Please download the workspace linked above (https://dl.dropbox.com/u/7489119/Workspace3.RData) and then open up the Rscript3.txt file.  You will see that the output in the object fit.stan looks like it has converged but the heidel.diag and geweke.diag tests suggest otherwise for some of the parameters (e.g. ran's and taualpha).  More importantly, the following quote:
despite what neff, Rhat, and visual inspection of the chain traces
may be more relevant for the JAGS result.  Again, please see the jagsfit8 object in the linked workspace.  The within-chain diagnostics from coda suggest that some parameters in some of the chains haven't converged, and this is especially true when we compare the result to STAN and the lmer function.

Again, thanks for STAN!  Its performance is continuing to impress when compared to the other tools that are out there.
Andrew

Andrew Gelman

unread,
Feb 28, 2013, 10:30:35 PM2/28/13
to stan-...@googlegroups.com
Hi, Andrew T.  With the Jags fits, are you doing diagnostics using coda?  The R-hat in Coda is the old R-hat that does not fully use within-chain information.  We now use split R-hat which catches these problems.
Or, to put it another way, I looked at the Stan result and saw this:

Inference for Stan model: mSEM.
3 chains: each with iter=4e+06; warmup=2e+06; thin=6250; 640 iterations saved.

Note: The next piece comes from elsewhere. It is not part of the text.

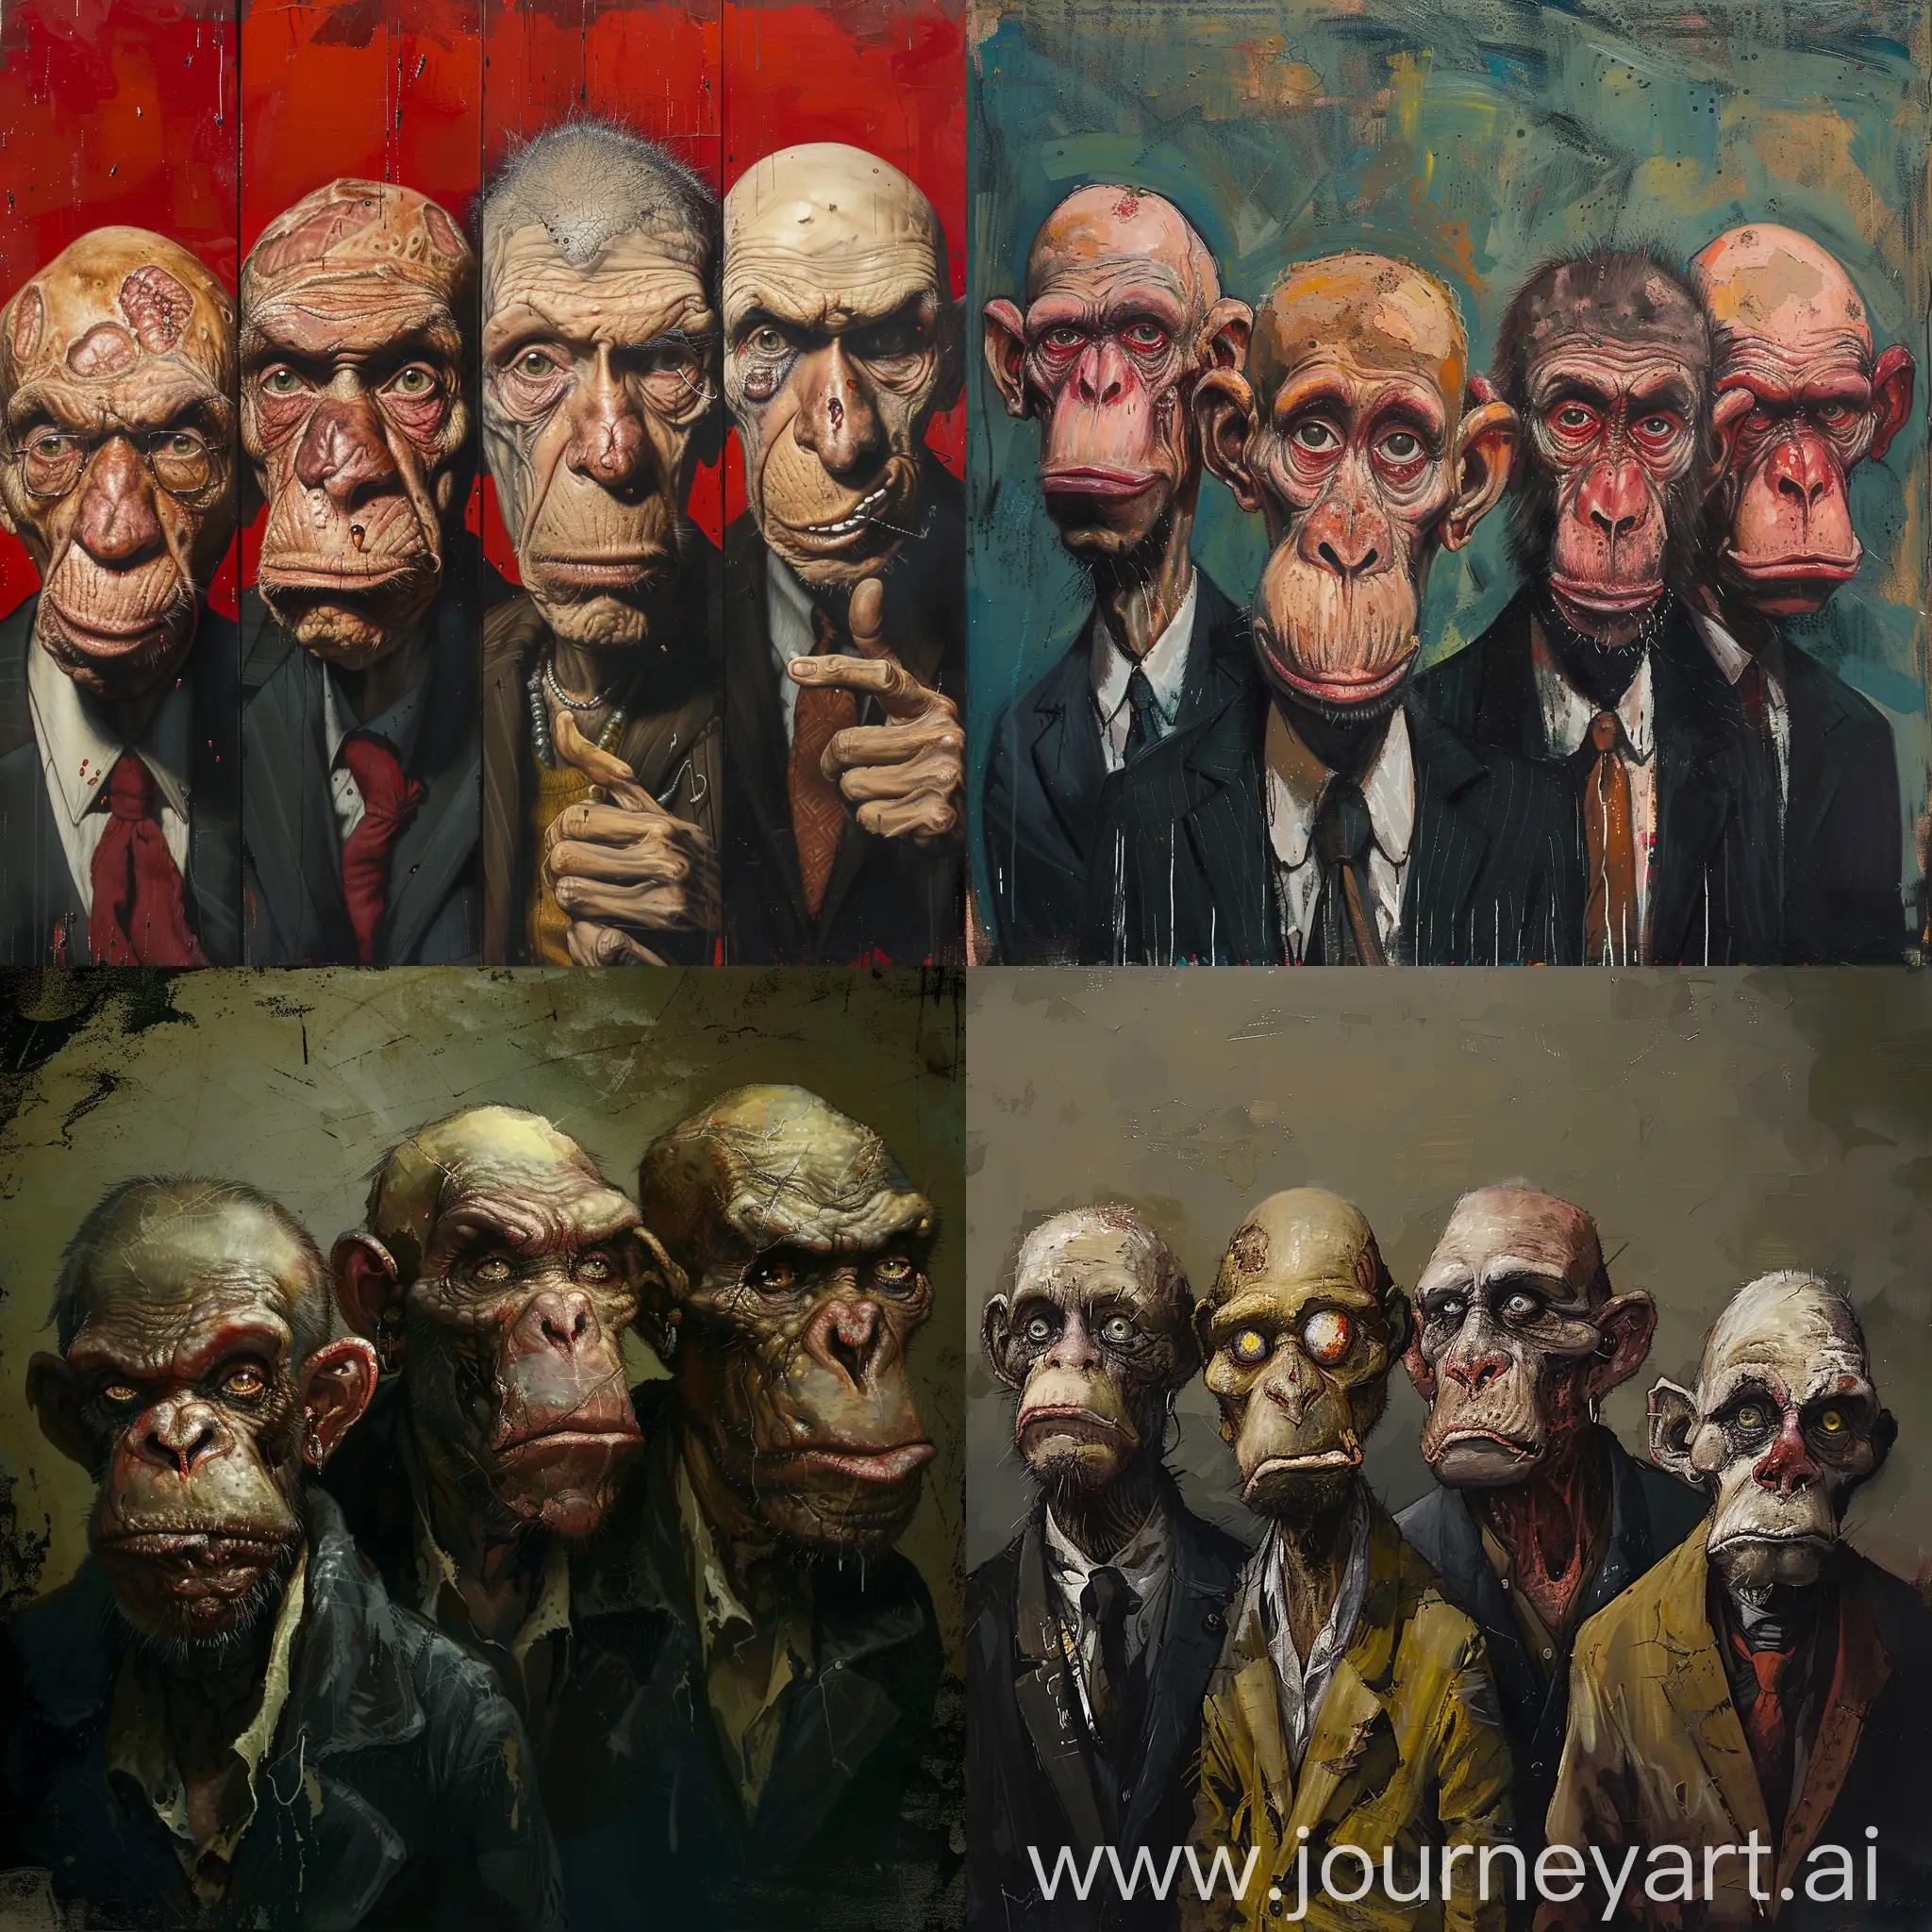 Gang-of-Four-Men-Rotting-MonkeyLike-Appearance-Bald-Leader

          mean se_mean  sd  2.5%   25%   50%   75% 97.5% n_eff Rhat
taus       0.1     0.0 0.2   0.0   0.0   0.1   0.2   0.6   881    1
tau        0.3     0.0 0.0   0.3   0.3   0.3   0.3   0.4   960    1
taub       0.8     0.0 1.4   0.1   0.3   0.5   0.8   3.1   960    1
beta[1]    0.1     0.0 0.2  -0.2   0.0   0.1   0.1   0.5   960    1
beta[2]    0.4     0.0 0.2  -0.1   0.2   0.4   0.5   1.0   960    1
beta[3]    0.4     0.0 0.3  -0.1   0.3   0.5   0.6   1.2   960    1
beta[4]    0.1     0.1 1.9  -1.9  -0.3   0.0   0.3   2.0   921    1
taualpha   2.0     0.1 3.0   0.5   0.9   1.3   2.1   7.3   960    1
alpha[1]  -0.9     0.0 0.2  -1.2  -0.9  -0.9  -0.8  -0.4   960    1
alpha[2]  -0.8     0.0 0.2  -1.2  -0.9  -0.8  -0.8  -0.3   960    1
alpha[3]  -0.9     0.0 0.3  -1.5  -1.0  -0.9  -0.8  -0.2   960    1
mu[1]     -1.2     0.0 0.0  -1.3  -1.2  -1.2  -1.2  -1.2   960    1
mu[2]     -1.2     0.0 0.0  -1.3  -1.3  -1.2  -1.2  -1.2   960    1
mu[3]     -1.5     0.0 0.0  -1.6  -1.6  -1.5  -1.5  -1.5   960    1
mu[4]     -1.0     0.0 0.0  -1.1  -1.0  -1.0  -1.0  -0.9   921    1
mu[5]     -0.9     0.0 0.0  -1.0  -0.9  -0.9  -0.9  -0.8   828    1
mu[6]     -0.8     0.0 0.0  -0.8  -0.8  -0.8  -0.8  -0.7   946    1
mu[7]     -0.9     0.0 0.0  -1.0  -1.0  -0.9  -0.9  -0.9   925    1
mu[8]     -1.3     0.0 0.0  -1.3  -1.3  -1.3  -1.3  -1.2   960    1
rans[1]    0.0     0.0 0.1  -0.3   0.0   0.0   0.0   0.2   960    1
rans[2]    0.0     0.0 0.2  -0.5  -0.1   0.0   0.0   0.3   743    1
rans[3]    0.0     0.0 0.2  -0.4  -0.1   0.0   0.0   0.3   893    1
rans[4]    0.0     0.0 0.2  -0.4  -0.1   0.0   0.0   0.3   924    1
rans[5]    0.0     0.0 0.1  -0.2   0.0   0.0   0.1   0.3   836    1
rans[6]    0.0     0.0 0.2  -0.5   0.0   0.0   0.1   0.4   960    1
rans[7]    0.0     0.0 0.1  -0.3  -0.1   0.0   0.0   0.2   869    1
rans[8]   -0.1     0.0 0.2  -0.6  -0.1   0.0   0.0   0.3   818    1
lp__     489.5     0.2 7.0 475.5 485.2 489.4 493.8 503.8   904    1

My first thought was that you must be running it too long!  4 million iterations looks to be overkill!  Maybe 1000 iterations or 10,000 would suffice?  But are you saying that some of these parameters (e.g., taualpha and rans[1]) did not actually converge even in the simulations shown above?

AG

atzap

unread,
Feb 28, 2013, 11:03:37 PM2/28/13
to

On Thursday, February 28, 2013 10:30:35 PM UTC-5, Andrew Gelman wrote:
My first thought was that you must be running it too long!  4 million iterations looks to be overkill!  Maybe 1000 iterations or 10,000 would suffice?  But are you saying that some of these parameters (e.g., taualpha and rans[1]) did not actually converge even in the simulations shown above?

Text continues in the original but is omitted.